Spokane Interstate Fair Ass'n v. Fidelity & Deposit Co. of Maryland

Decision Date18 October 1926
Docket NumberNo. 4900.,4900.
Citation15 F.2d 48
PartiesSPOKANE INTERSTATE FAIR ASS'N v. FIDELITY & DEPOSIT CO. OF MARYLAND.
CourtU.S. Court of Appeals — Ninth Circuit

Randall & Danskin and Graves, Kizer & Graves, all of Spokane, Wash., for plaintiff in error.

Williams & Cornelius, of Spokane, Wash., for defendant in error.

Before RUDKIN, Circuit Judge, and DIETRICH and KERRIGAN, District Judges.

DIETRICH, District Judge.

In our decision upon a former writ of error, to the report of which (8 F.2d 224), resort may be had for a circumstantial statement of the issues, we held that the coverage of the policy was only of loss by burglary accomplished by means of actual force and violence employed during the policy period, which was from August 31, 1924, to September 10, 1924. At a subsequent trial, defendant's motion for a nonsuit at the close of plaintiff's case in chief was granted, upon the ground that the evidence was insufficient to show force or violence within such period. The dismissal is assigned as error.

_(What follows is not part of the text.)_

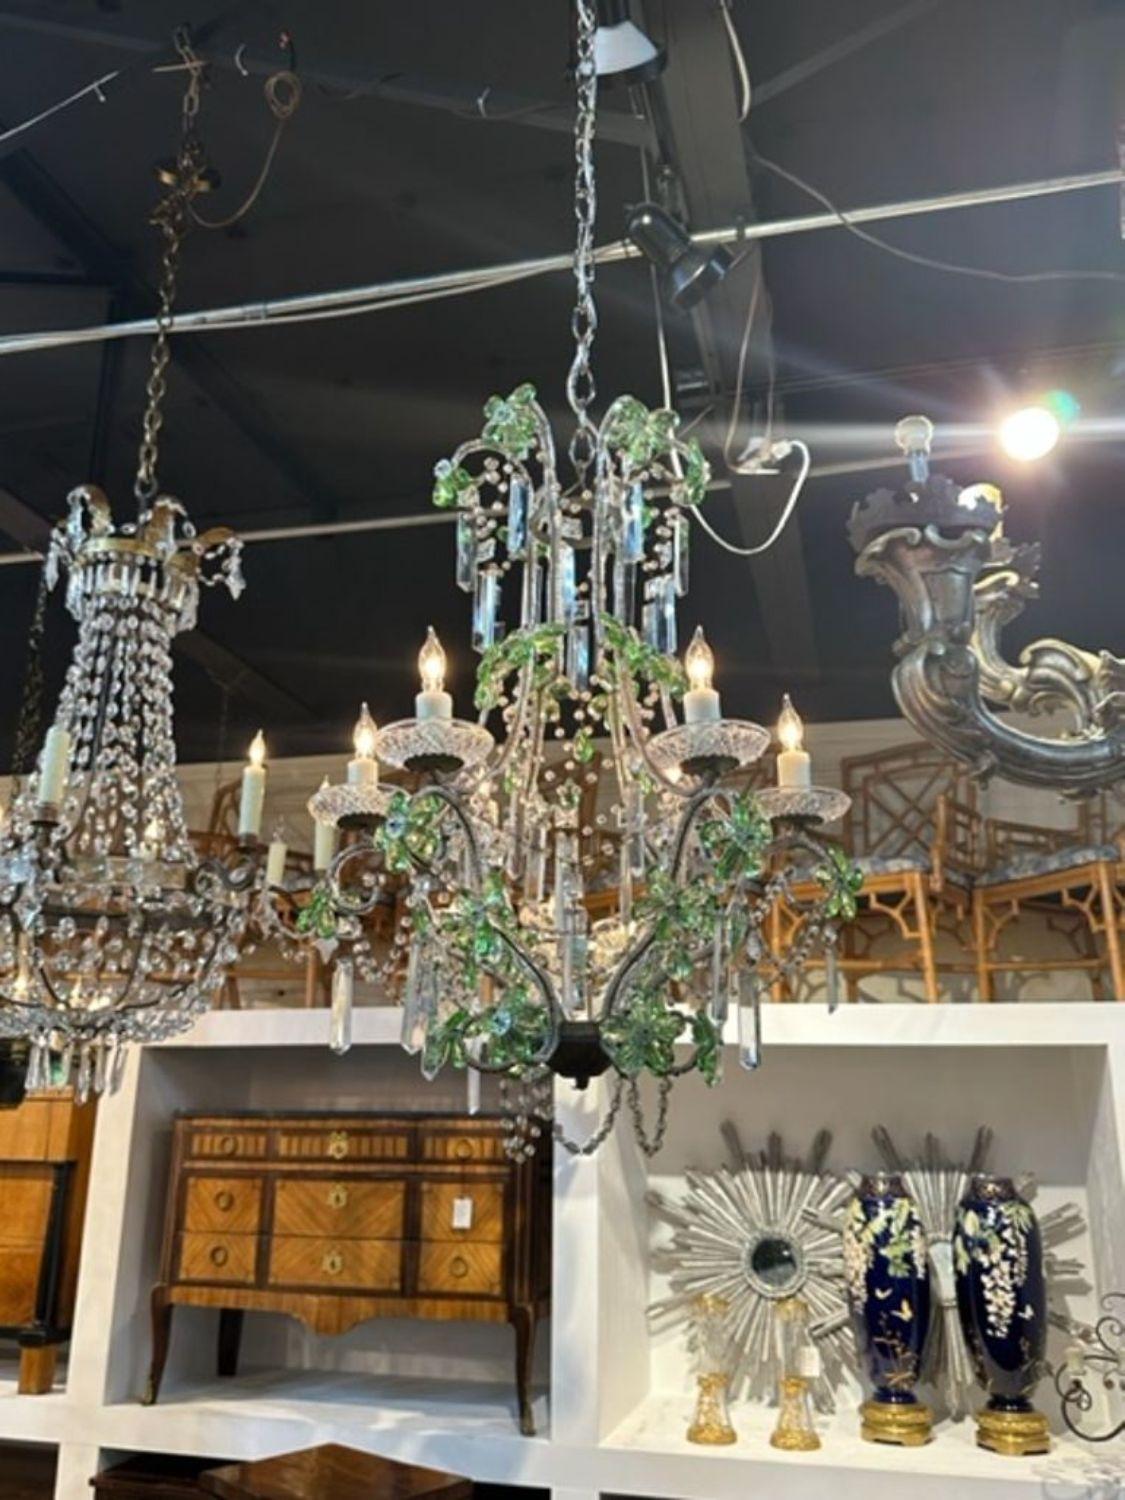 Beautiful vintage chandelier with beads and green prisms, some in the shape of flowers. Makes an elegant statement!

Defendant moves to strike from the record the bill of exceptions and also to dismiss the writ. We have considered, but do not deem it necessary to discuss at length, the issues presented by these motions. It is sufficient to say that, notwithstanding the general rule of the court providing that without consent of the parties extensions of the time in which to present a bill of exceptions or a petition for a new trial would not be granted for more than 30 days, the court had the power in the exercise of a sound discretion to grant a greater length of time. Poultney v. La Fayette, 12 Pet. 472, 9 L. Ed. 1161; U. S. v. Breitling, 20 How. 252, 15 L. Ed. 900; Hunnicutt v. Peyton, 102 U. S. 333, 353, 26 L. Ed. 113; Abbott v. Brown, 241 U. S. 606, 36 S. Ct. 689, 60 L. Ed. 1199; So. Pac. Co. v. Johnson, 59 F. 559, 16 C. C. A. 317; Russo-Chinese Bank v. National Bank, 187 F. 80, 109 C. C. A. 398; Czizek v. W. U. Tel. Co. (C. C. A.) 272 F. 223; Payne v. Garth (C. C. A.) 285 F. 301, 310. That being true, and the court still having jurisdiction to grant such extensions when the orders were made, neither motion is thought to be well taken, and both are therefore denied.

Upon the merits, it is first contended by plaintiff that by reason of the form and paragraphing of the policy the burden was upon defendant to show that the force employed in making the entry was not exerted within the insurance period. Apparently this is an afterthought, for in the trial plaintiff assumed the burden of establishing the affirmative; and it should not now be permitted to take a contrary position. Ky. Vermillion M. & C. Co. v. Norwich U. F. Ins. Soc., 146 F. 695, ...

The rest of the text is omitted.